Who says oatmeal can't be savory?!
Sometimes reinventing the wheel is necessary in times of creative struggle in the kitchen, and breakfast is no exception! I wanted to create an oatmeal that could be eaten with eggs instead of blueberries but didn't want to exclude the precious nut butter that leaves me coming back to oats time and time again! I used Tahini, a Mediterranean spread that is made up of toasted sesame seeds, which are high in vitamin E and lignans that aid in detoxification and lower inflammation.
Furthermore, I decided to heat the tomatoes because cooking increases the bioavailability of lycopene, an antioxidant derivative of vitamin A. I also added crushed red pepper for a spicy kick and the metabolism-boosting properties of capsaicin. And of course, the organic free range eggs are an excellent source of protein, choline, and anti-inflammatory omega-3 fats!
Taking all of the above into consideration, here's what I came up with...

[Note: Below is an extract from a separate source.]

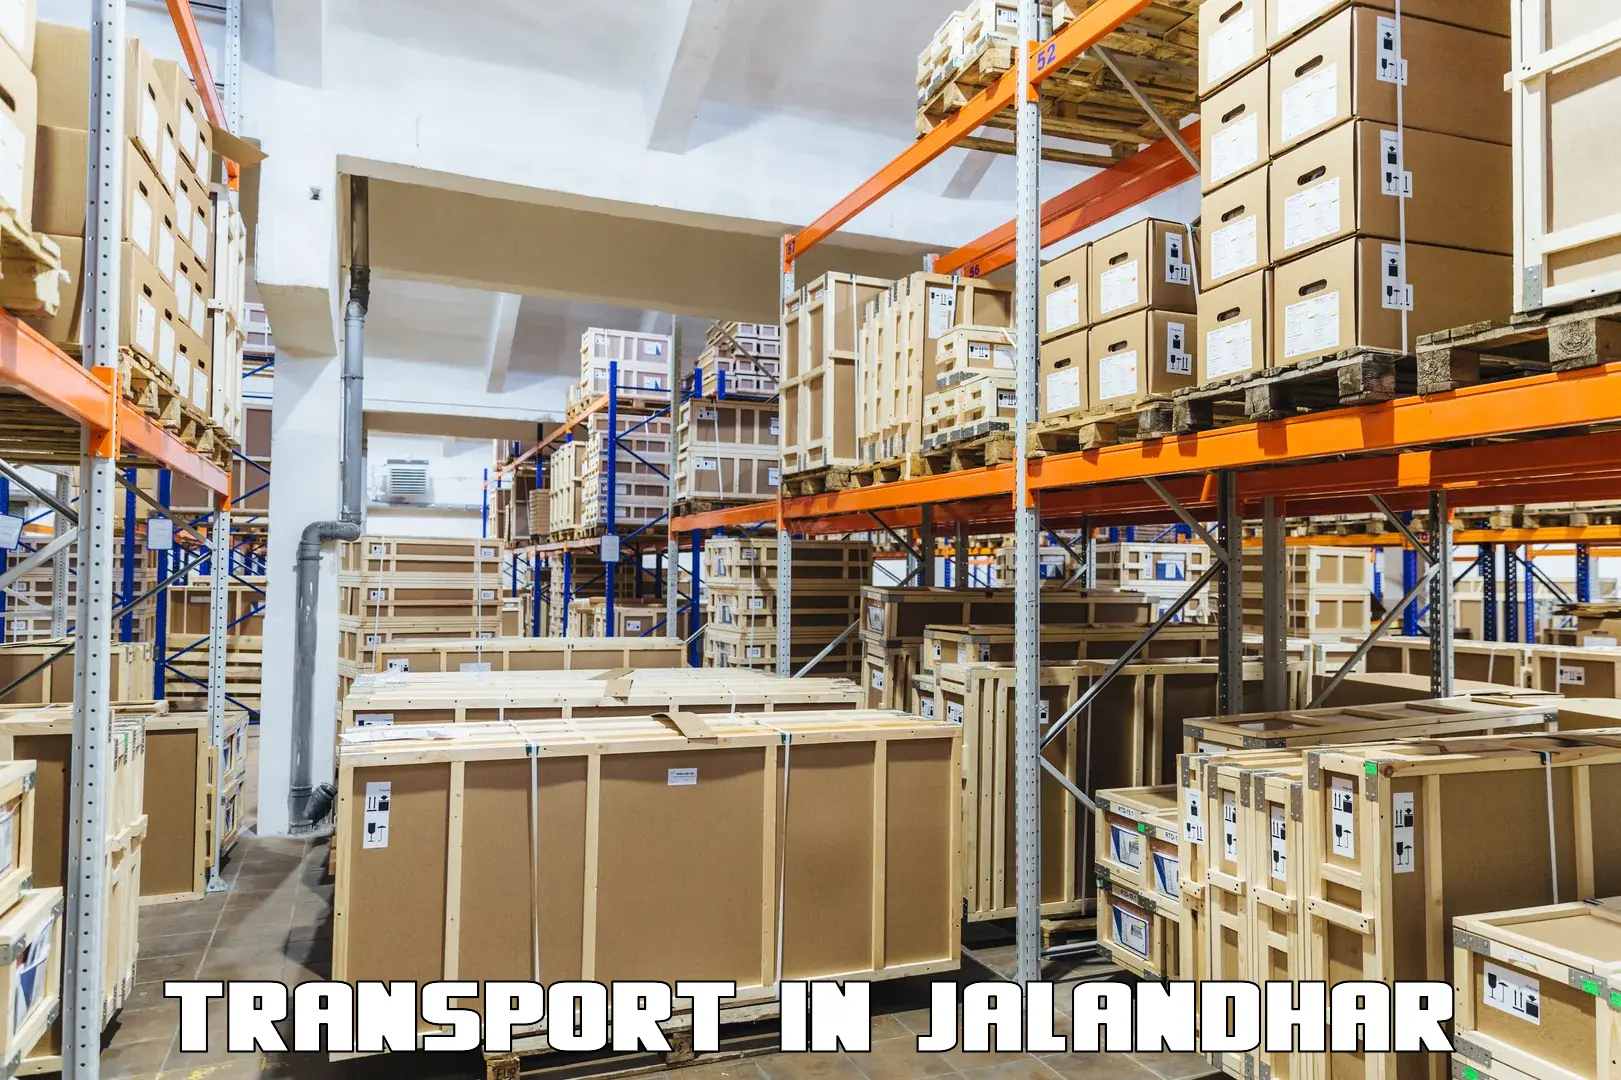 All India transport service in Jalandhar

Organic whole grain oats (1/2 cup, cooked)
Tahini (1 tbsp)
Eggs (Nellie's Free Range eggs)
Hemp seeds (1/2 tbsp)
Crushed red pepper (1 tsp)
Sesame seeds (1 tsp)
Tomatoes (5-6 cherry tomatoes, sliced in half)
1. Cook oatmeal as usual per instructions on the package.
2. Cook eggs (over-easy or over-medium, NOT scrambled*),
3. Heat up tomatoes in a separate pan with olive oil until they start to wilt.
4. Top oatmeal with a spoonful of tahini, eggs, hemp seeds, crushed red pepper, sesame seeds, and tomatoes.
5. Sprinkle salt and pepper on top to taste and enjoy!